La licence sous laquelle est diffusée MPFR est la GNU Lesser General Public License, plus connue sous le nom de LGPL. Comme sa grande sœur GPL, cette licence permet l’utilisation, la modification et la redistribution de MPFR, et est héréditaire, c’est-à-dire qu’elle interdit de priver les utilisateurs de versions modifiées de ces droits. La différence principale avec GPL est que la LGPL permet l’utilisation dans un logiciel non libre, en particulier un logiciel commercial. Par exemple, on pourrait imaginer qu’Excel utilise MPFR, ce qui serait impossible avec la licence GPL.
Concilier exactitude et efficacité
Il faut souligner que lorsqu’on dispose d’une spécification formelle comme dans MPFR, il n’y a qu’un seul résultat correct pour un calcul donné. En effet, à toute entrée (fonction, nombre flottant, précision, arrondi) correspond une et une seule sortie correcte (et non pas à plus ou moins 1 ou 2 chiffres comme le font la plupart des logiciels). Cela rend plus difficile l’obtention de ce résultat, mais cela facilite la recherche de « bugs », et surtout cela permet d’avoir des fondations solides pour construire d’autres logiciels.
Une bibliothèque telle que MPFR a de nombreuses applications. On peut s’en servir pour vérifier les résultats obtenus en double précision (voir le fameux « bug du Pentium »). MPFR permet aussi d’effectuer avec une plus grande précision certains calculs critiques : cela permet d’estimer la stabilité numérique d’un algorithme, ou d’évaluer l’erreur d’arrondi d’un calcul en double précision. Enfin, MPFR permet aussi de calculer avec arrondi correct les fonctions mathématiques qui ne sont pas standardisées par la norme IEEE 754, telles que le sinus, l’exponentielle ou le logarithme. C’est pour cette dernière application que MPFR est depuis peu utilisée dans le compilateur GNU GFORTRAN.
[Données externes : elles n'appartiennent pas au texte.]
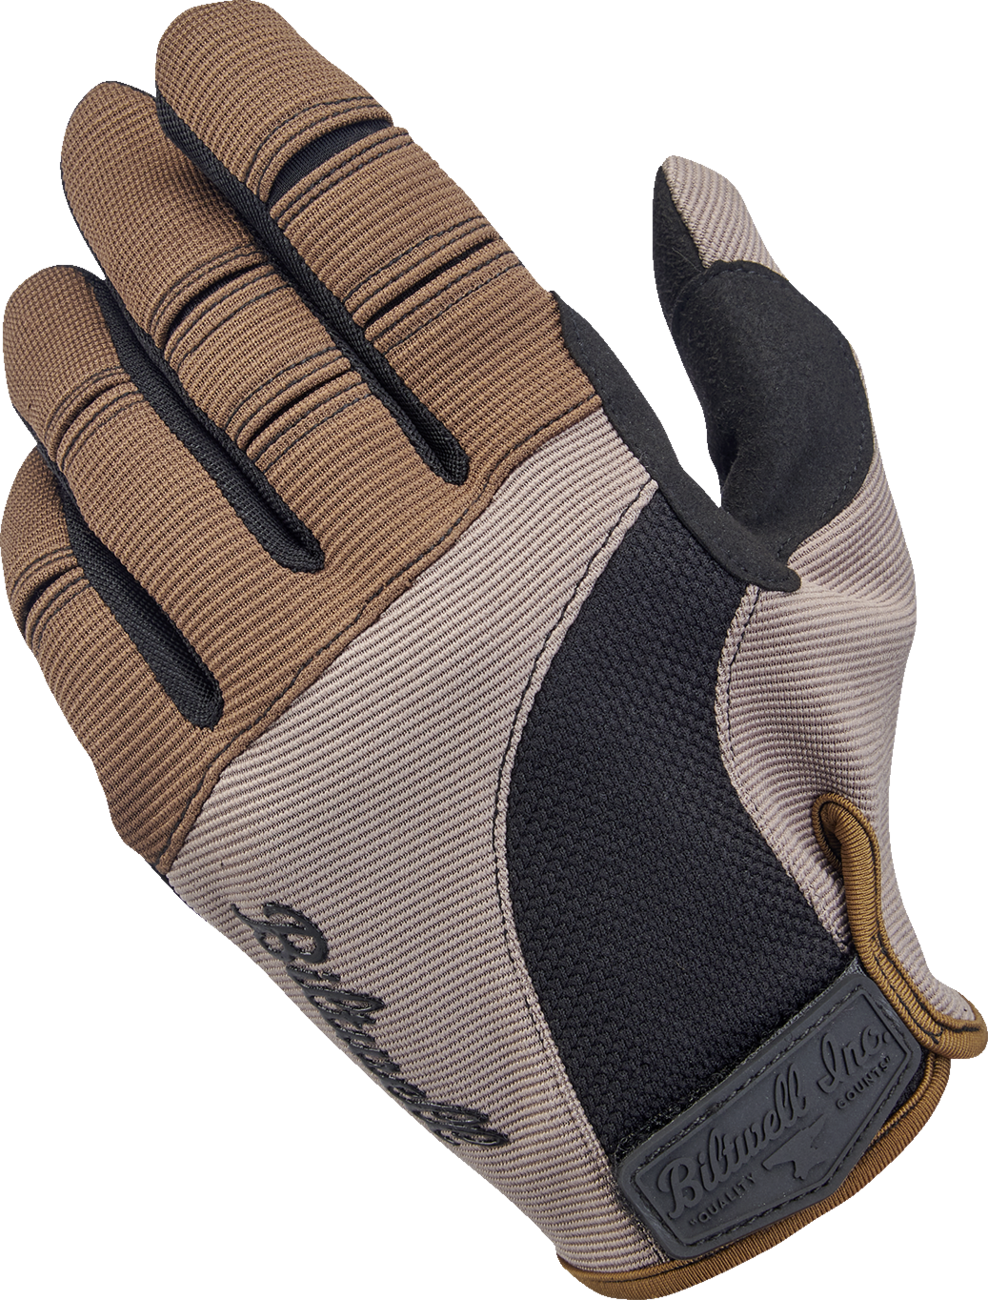 BILTWELL Moto Gloves - Coyote/Black - XS 1501-1301-001

Supposons un programme contenant l’instruction d = sin(1.234), où d est une variable flottante, et supposons que le mode d’arrondi pour cette instruction peut être déterminé à la compilation, alors la valeur stockée dans d sera la même pour toutes les exécutions du programme. (On dit alors qu’elle peut être déterminée statiquement ou à « compile-time » en anglais).
Jusqu’alors, le compilateur faisait appel à la bibliothèque mathématique de la machine (LIBM pour le langage C), ce qui a l’inconvénient de donner des résultats différents suivant la machine utilisée, car la norme IEEE 754 ne spécifie pas ces fonctions.
Maintenant, le compilateur (GFORTRAN et bientôt GCC) appelle la bibliothèque MPFR, qui elle garantit un résultat indépendant de la machine, donc la valeur stockée dans la variable d sera bien la même, quelle que soit la machine utilisée.
Testez MPFR !
La principale motivation pour développer MPFR était de montrer qu’il est possible de calculer sur des flottants en précision arbitraire avec une spécification formelle, comme c’est déjà le cas en double précision grâce à la norme IEEE 754, sans perte notable d’efficacité par rapport à d’autres outils sans spécification formelle. Il semble que ce pari soit réussi. Il reste cependant beaucoup à faire, notamment à convaincre les développeurs (et surtout les utilisateurs !) d’outils de calcul flottant en précision arbitraire de l’intérêt d’une spécification formelle.